• _Problem details_
Exact copy, no pictures: output each line below as it stands.

(Saved data entries)
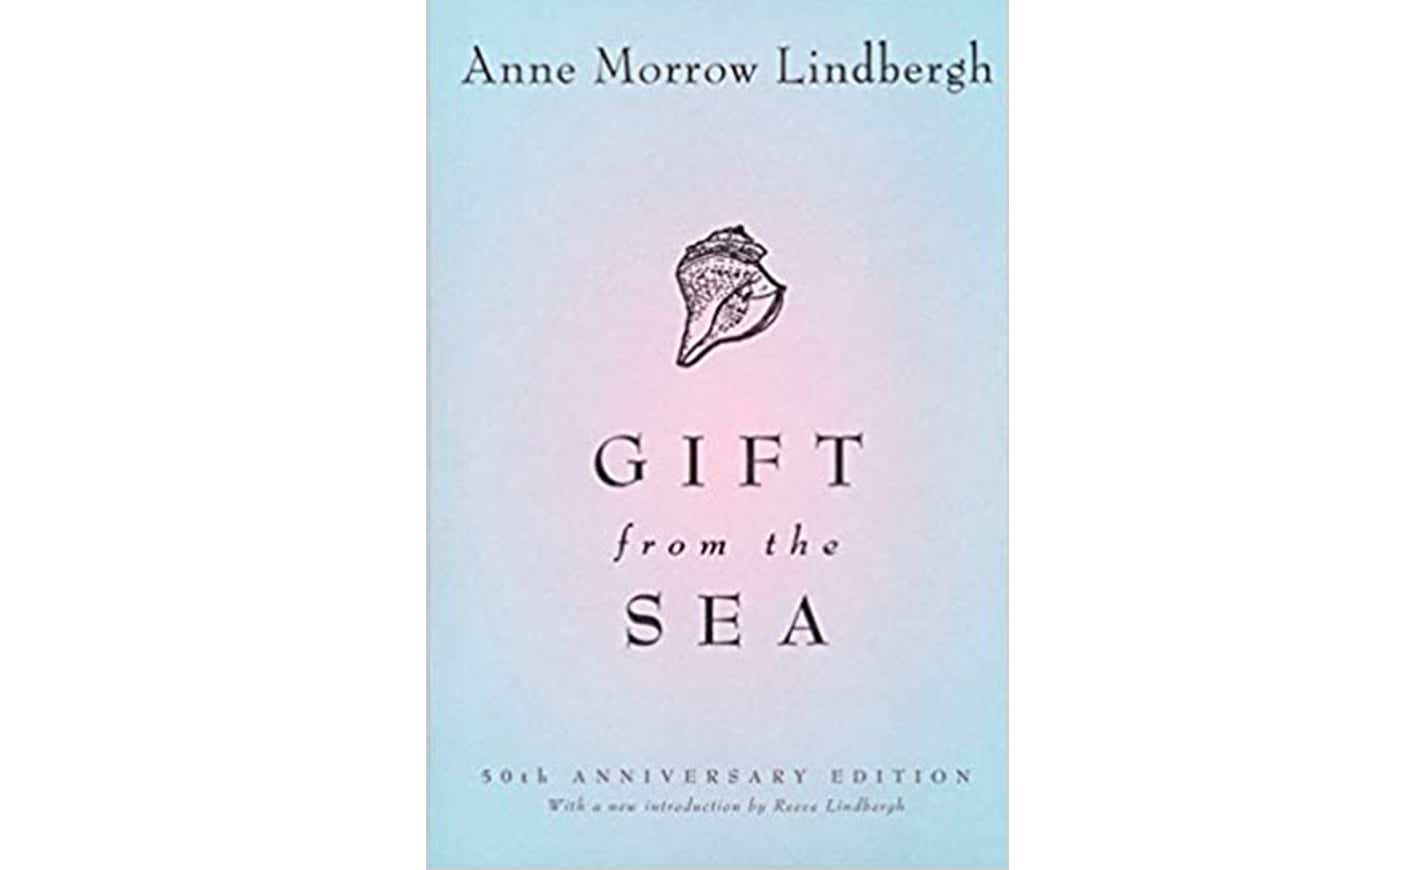 Gift from the sea by Anne Morrow
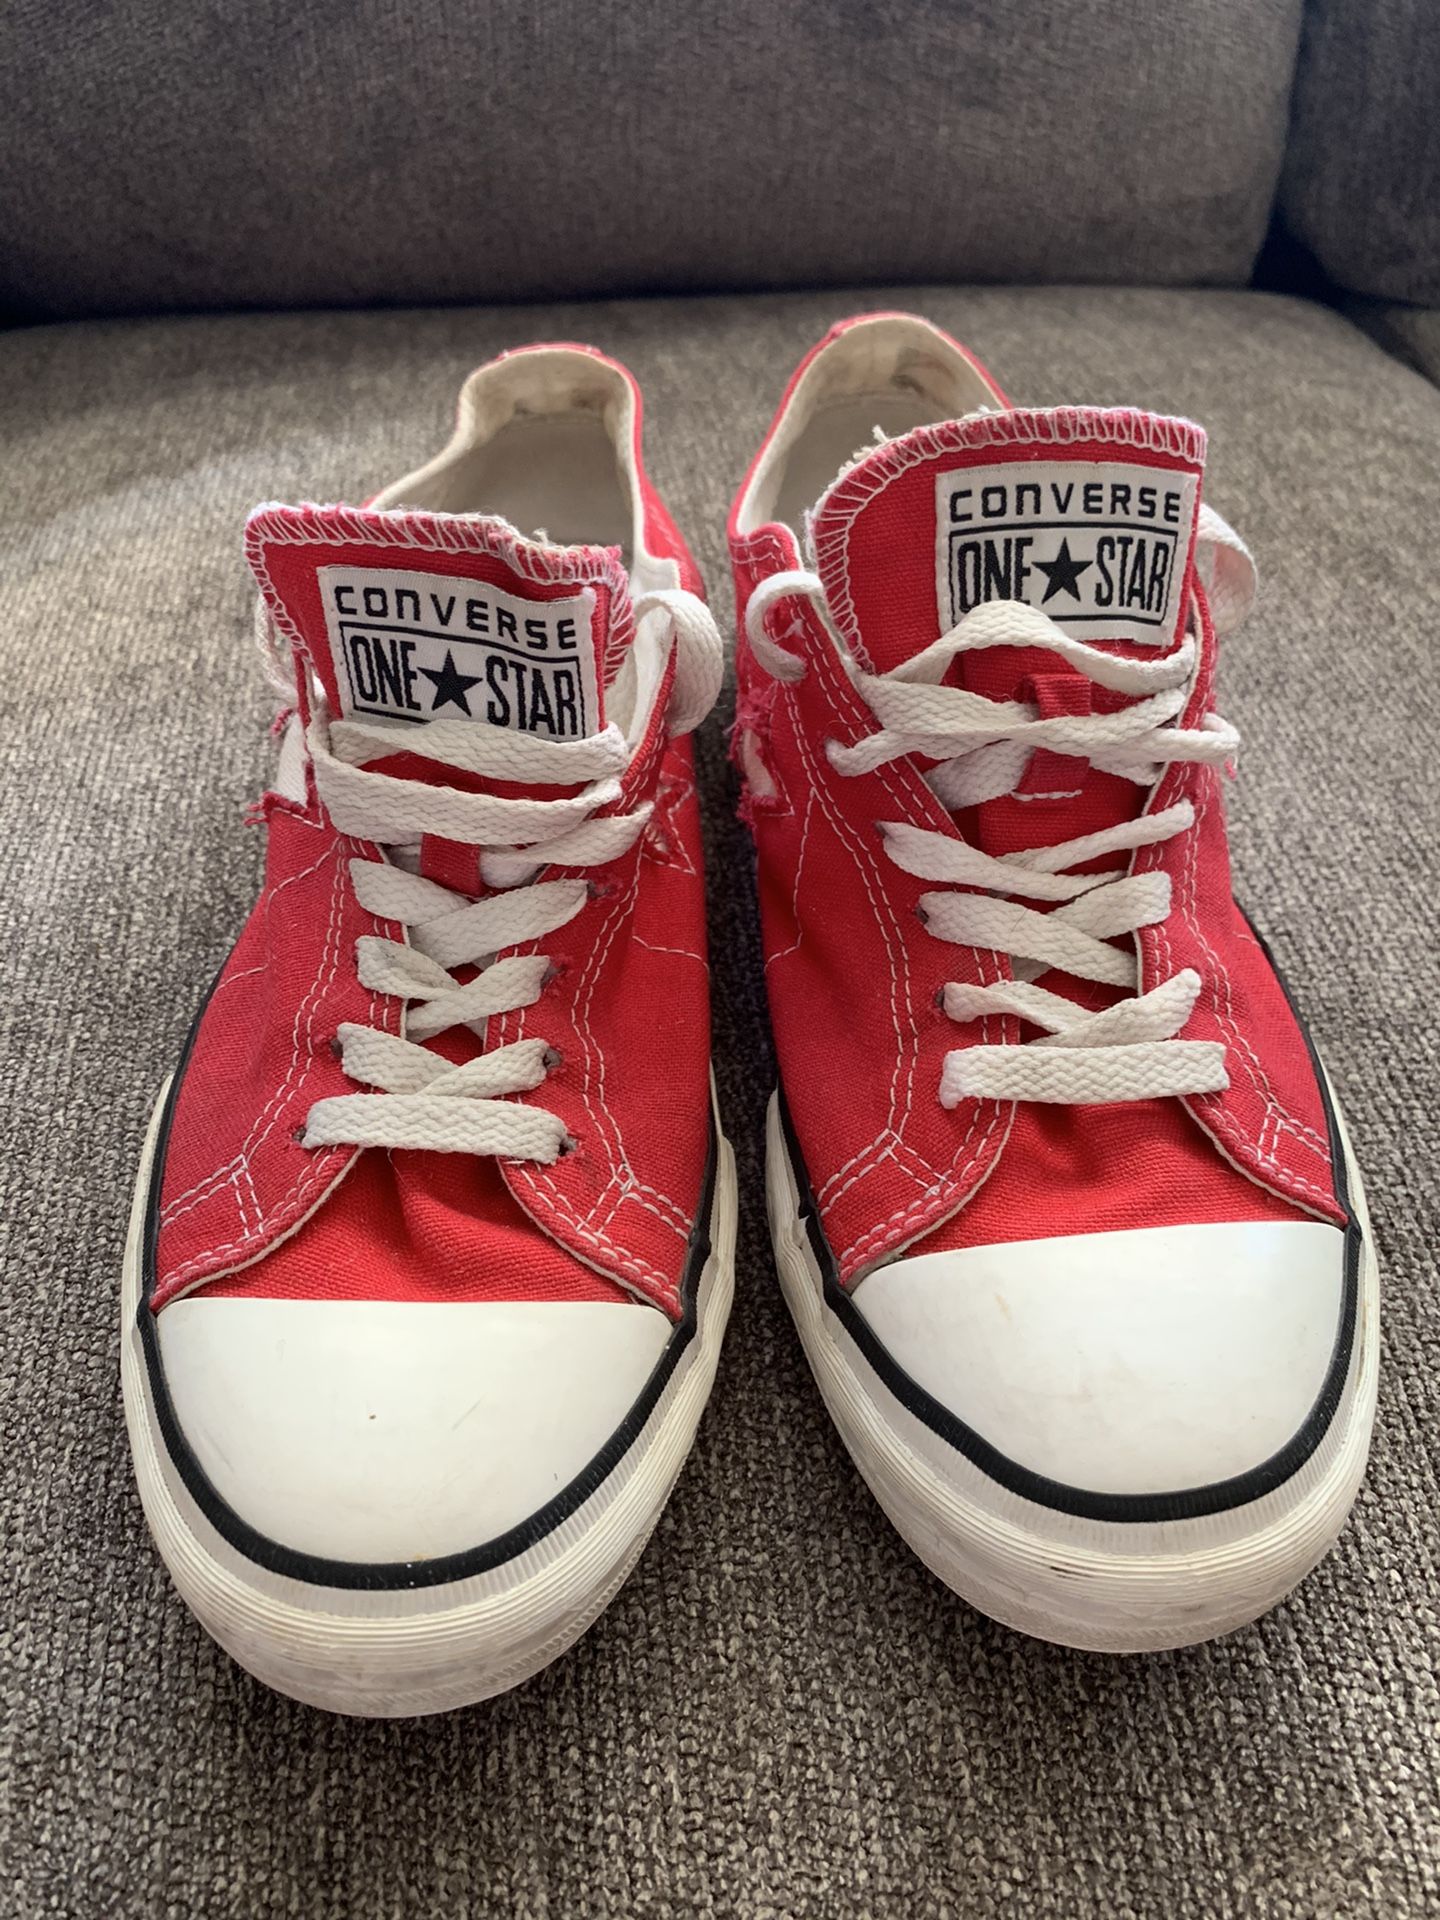 Pre owned women’s converse 9.5
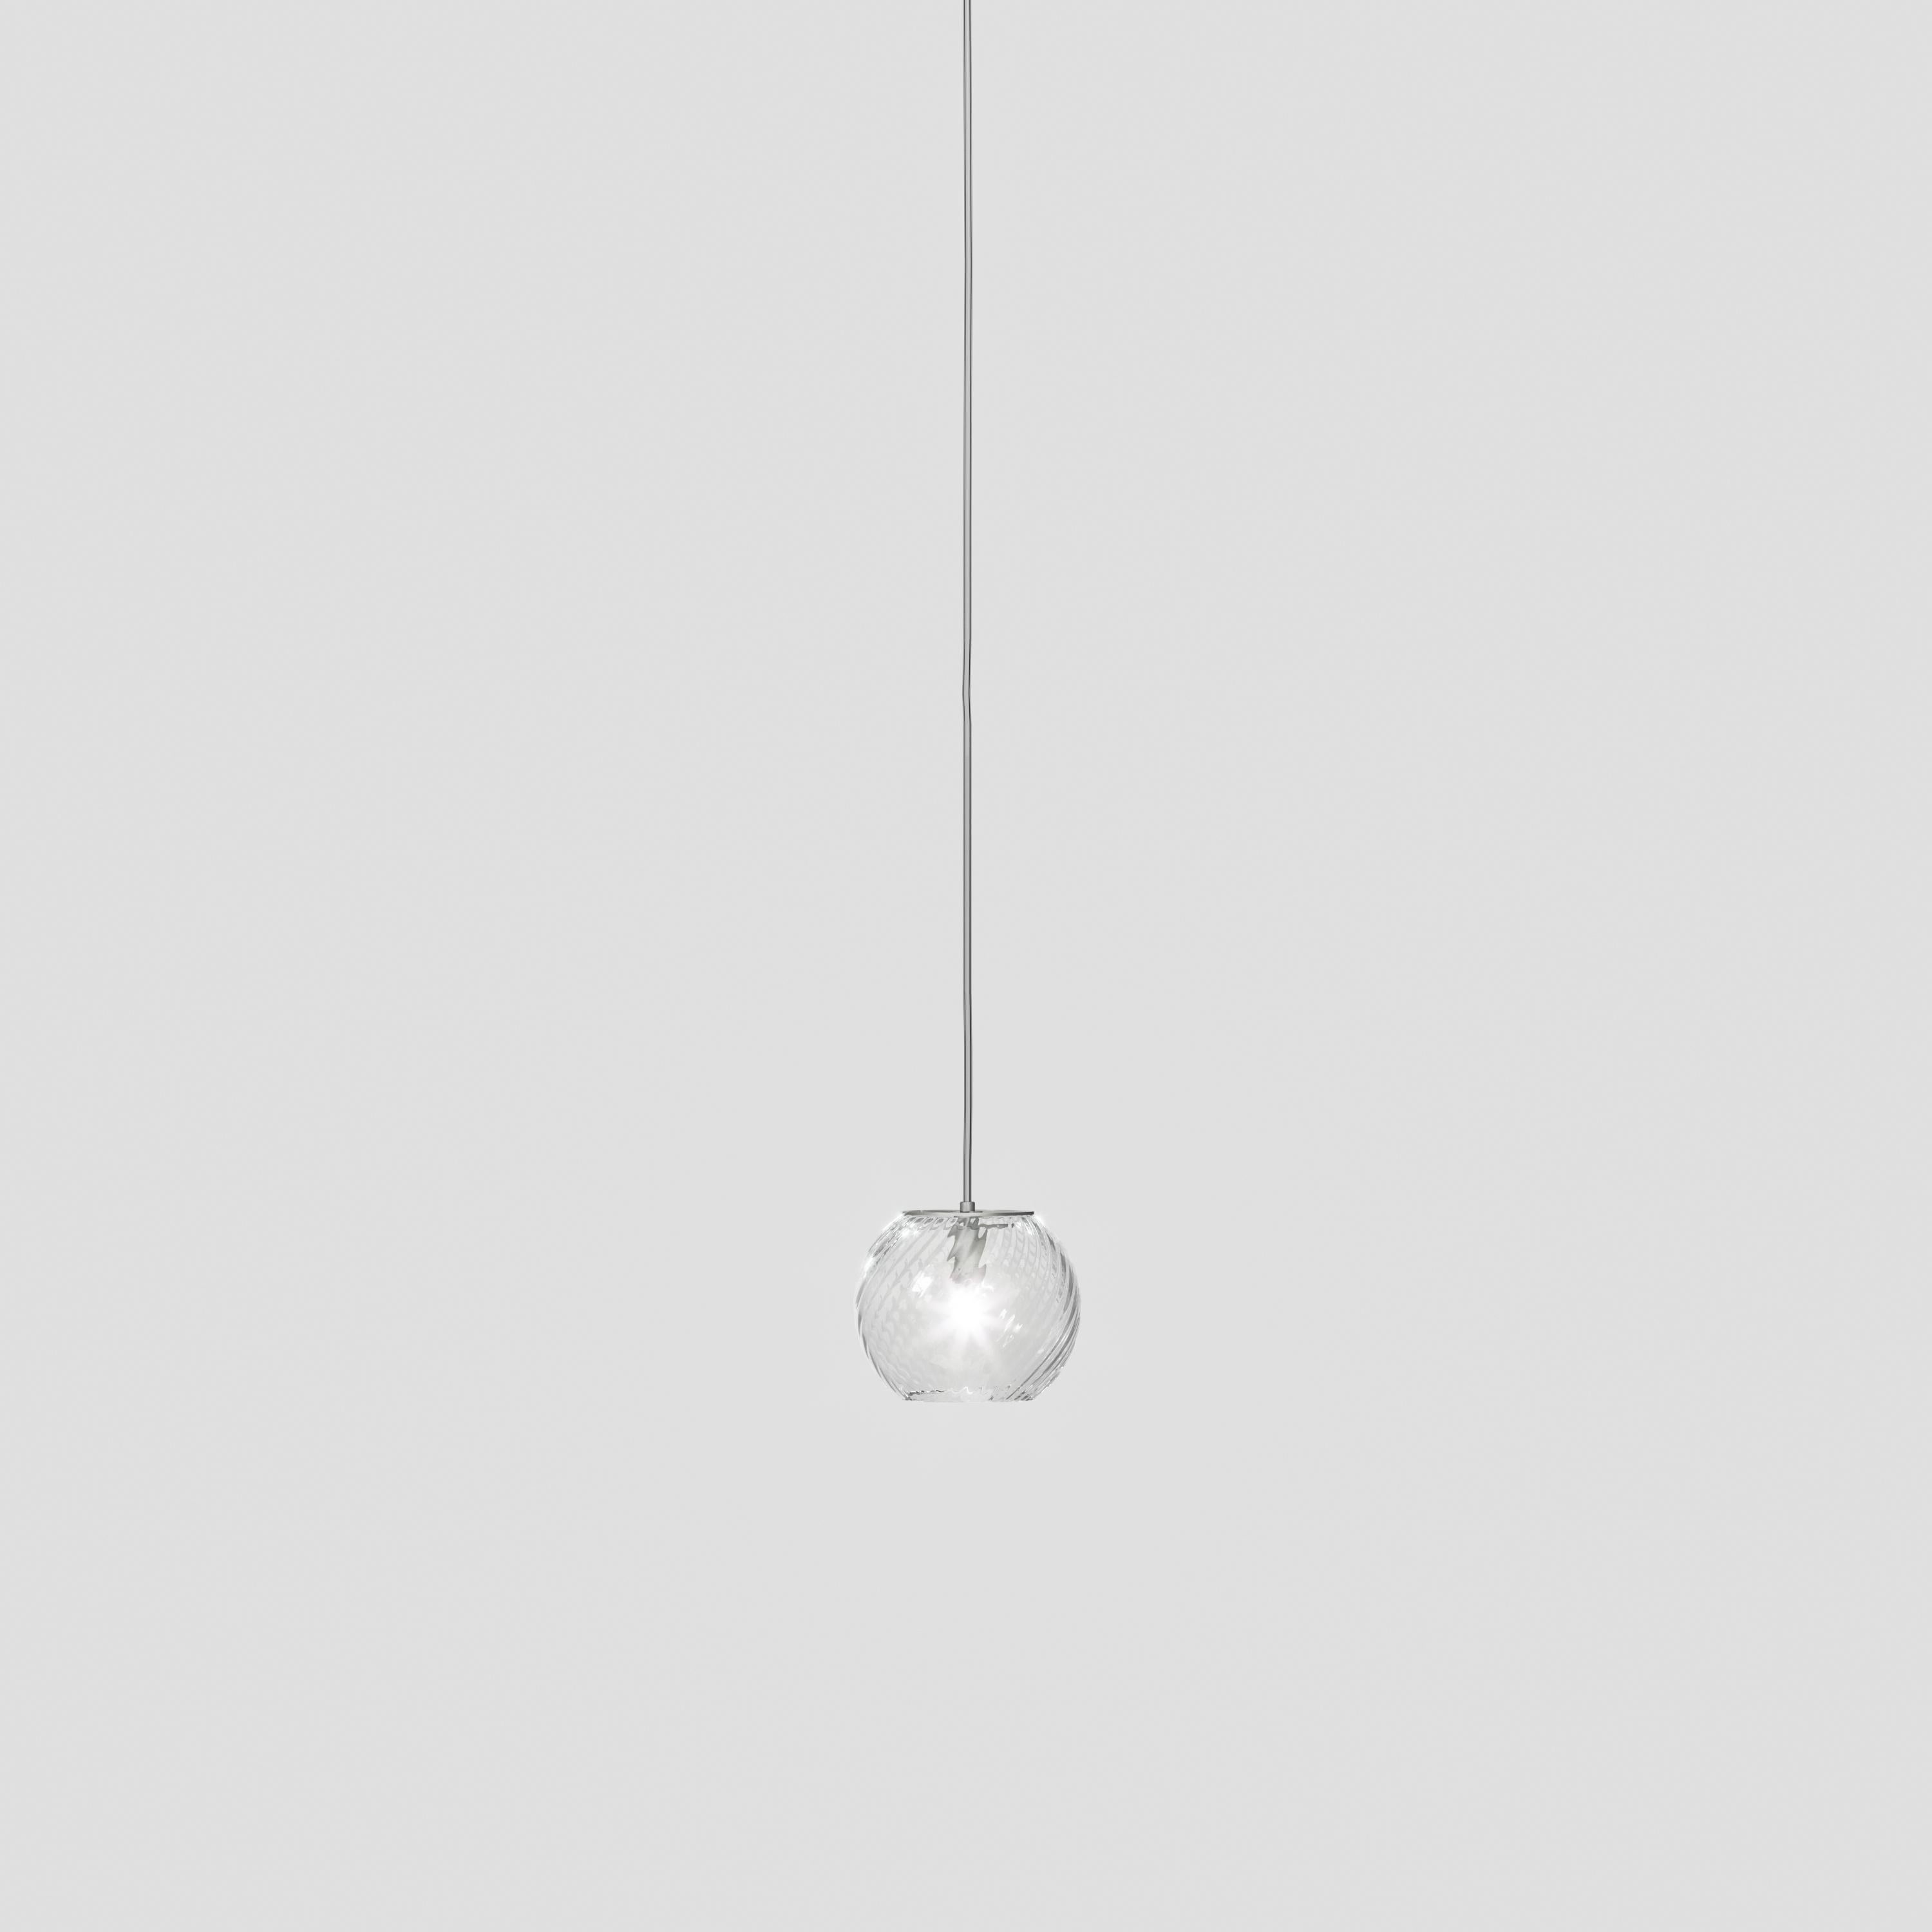 Spherical blown glass elements available in four sizes and two decorations, with and without lighting source. The special design allows the installation of more vertical glass elements and infinite custom combinations.

Light Source: 
1x60W G9.
 

• _Reply to the task_
 Gift from the sea by Anne Morrow
 Pre owned women’s converse 9.5
 Spherical blown glass elements available in four sizes and two decorations, with and without lighting source. The special design allows the installation of more vertical glass elements and infinite custom combinations.

Light Source: 
1x60W G9.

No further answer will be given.